Exploradores do abismo, Enrique Vila-Matas

esperava encontrar um rosto mais sincero, mais simpático, com os olhos um pouco arqueados e algumas rugas de um sofrimento existencial. acho que esperava um pouco mais de espelho.

me arrependi de ter procurado foto na internet. quase não tive jeito de continuar a ler, porque aqueles olhos de gato, tão longe dos afetos que eu encontrava em sua escrita mansa, me tiraram a sinceridade das palavras.

não consegui deixar de julgar sua aparência. simplesmente não consegui. sabia que era uma loucura desenhada naquele lugar onde a ficção mora e a gente quer trazê-la para realidade. era um jeito de encontrar empatia na escrita que desmoronou ao ver aquela coisa meio Jack Nicholson com aquelas sobrancelhas muito desenhadas.

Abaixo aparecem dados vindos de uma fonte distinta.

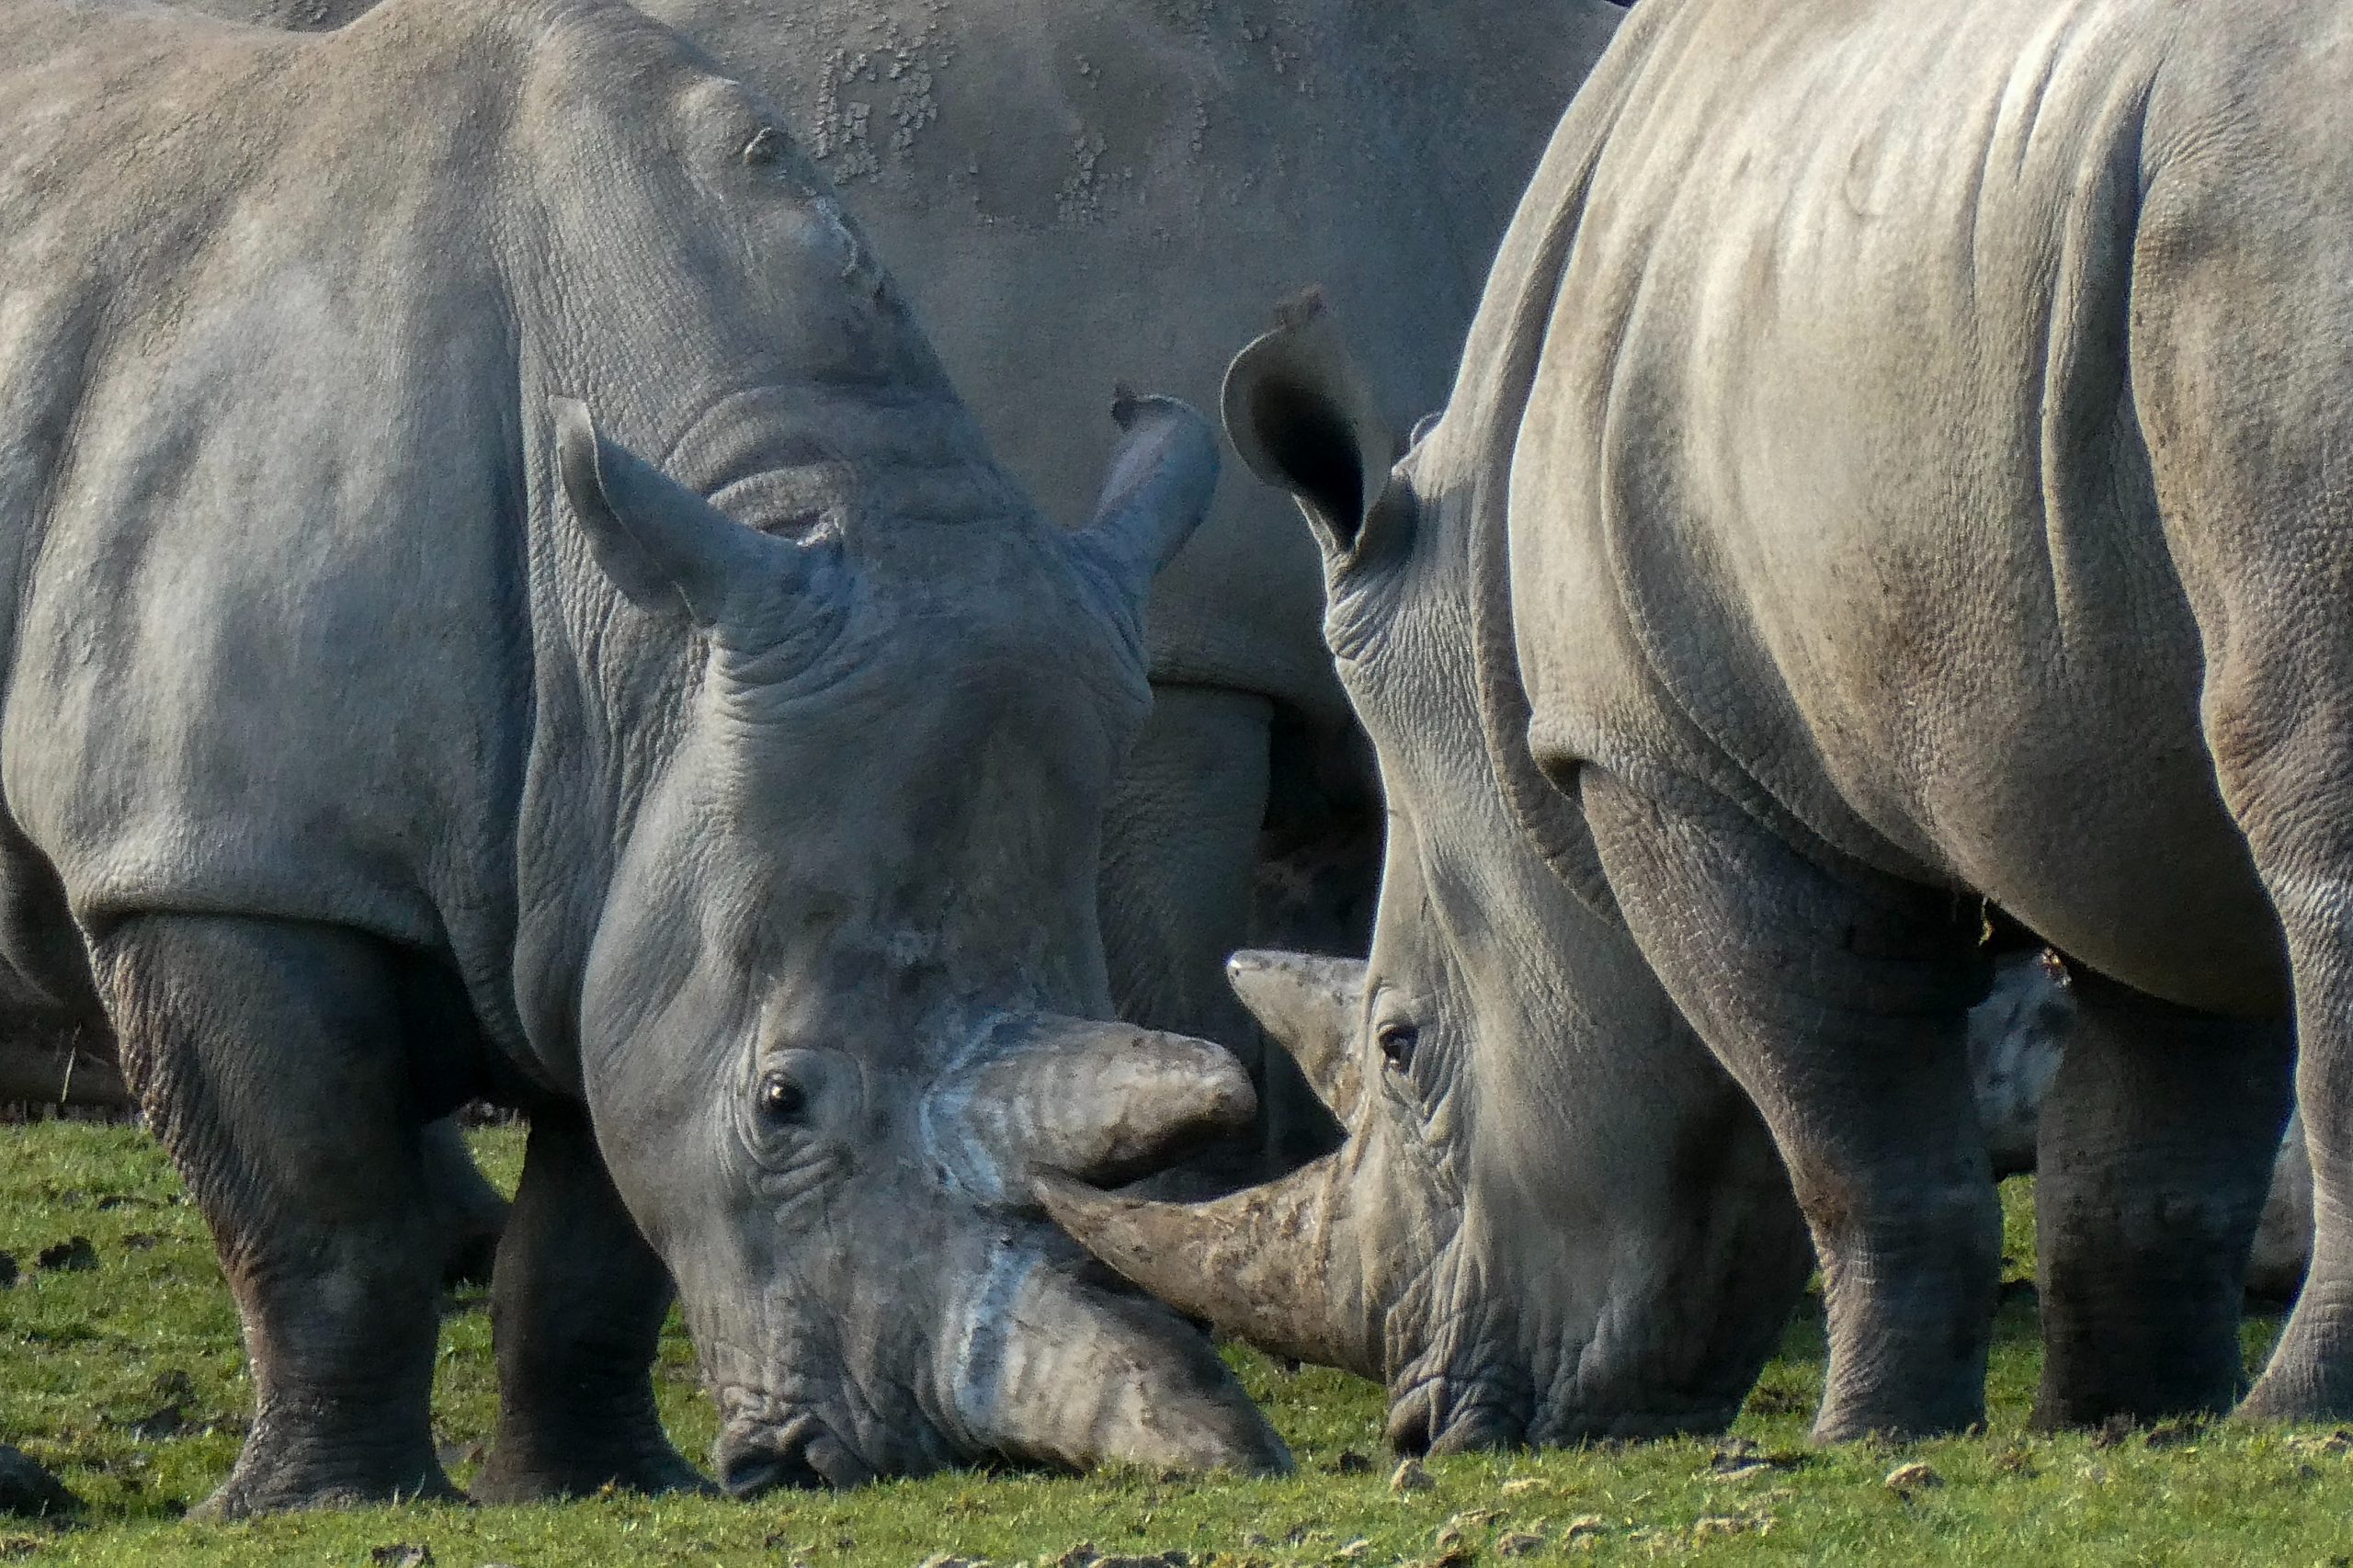 Rhinos at Ziwa- Murchison Falls National Park safari

por um tempo fiquei assim, vidrada em procurar uma foto com mais generosidade que pudesse me devolver um pouco das humanidades dos textos. não consegui.

voltei ao livro num esforço além do normal. com a frase “é tudo mentira” na minha cabeça, veja só que loucura.

eu havia lido uma coisa ou outra do Enrique Vila-Matas, umas crônicas jornalísticas que lembro de ter gostado na época da faculdade. e também, por aqueles tempos, assisti uma entrevista com ele a respeito de um prêmio que estava a receber (não lembrava do rosto), gravei que Marguerite Duras o havia ajudado em suas primeiras horas. e alguma coisa que devo ter lido em alguma linha de rodapé sobre o lance do Literatura Portátil. nada mais.

me diverti muito. “Exploradores do abismo” é leitura perfeita, me tirou de uma secura de interesse que havia se instalado em mim. nada me chamava atenção além das cinco primeiras páginas…

mas Vila-Matas escreve gostoso, com uma inevitável ironia. precisa. não é todo mundo que a consegue assim no papel. um tipo de humor que adoro e com imagens bem construídas em temas amplos da existência e da especulação humana. as palavras são tão detalhadamente escolhidas e pensadas que se transformam num imenso natural, como se ele só enfiasse os óculos, abrisse a tampa do computador e seus dedos corressem sem esforço. adoro isso.

Exploradores do Abismo, Enrique Vila-Matas, se você ainda não fez este passeio, faça.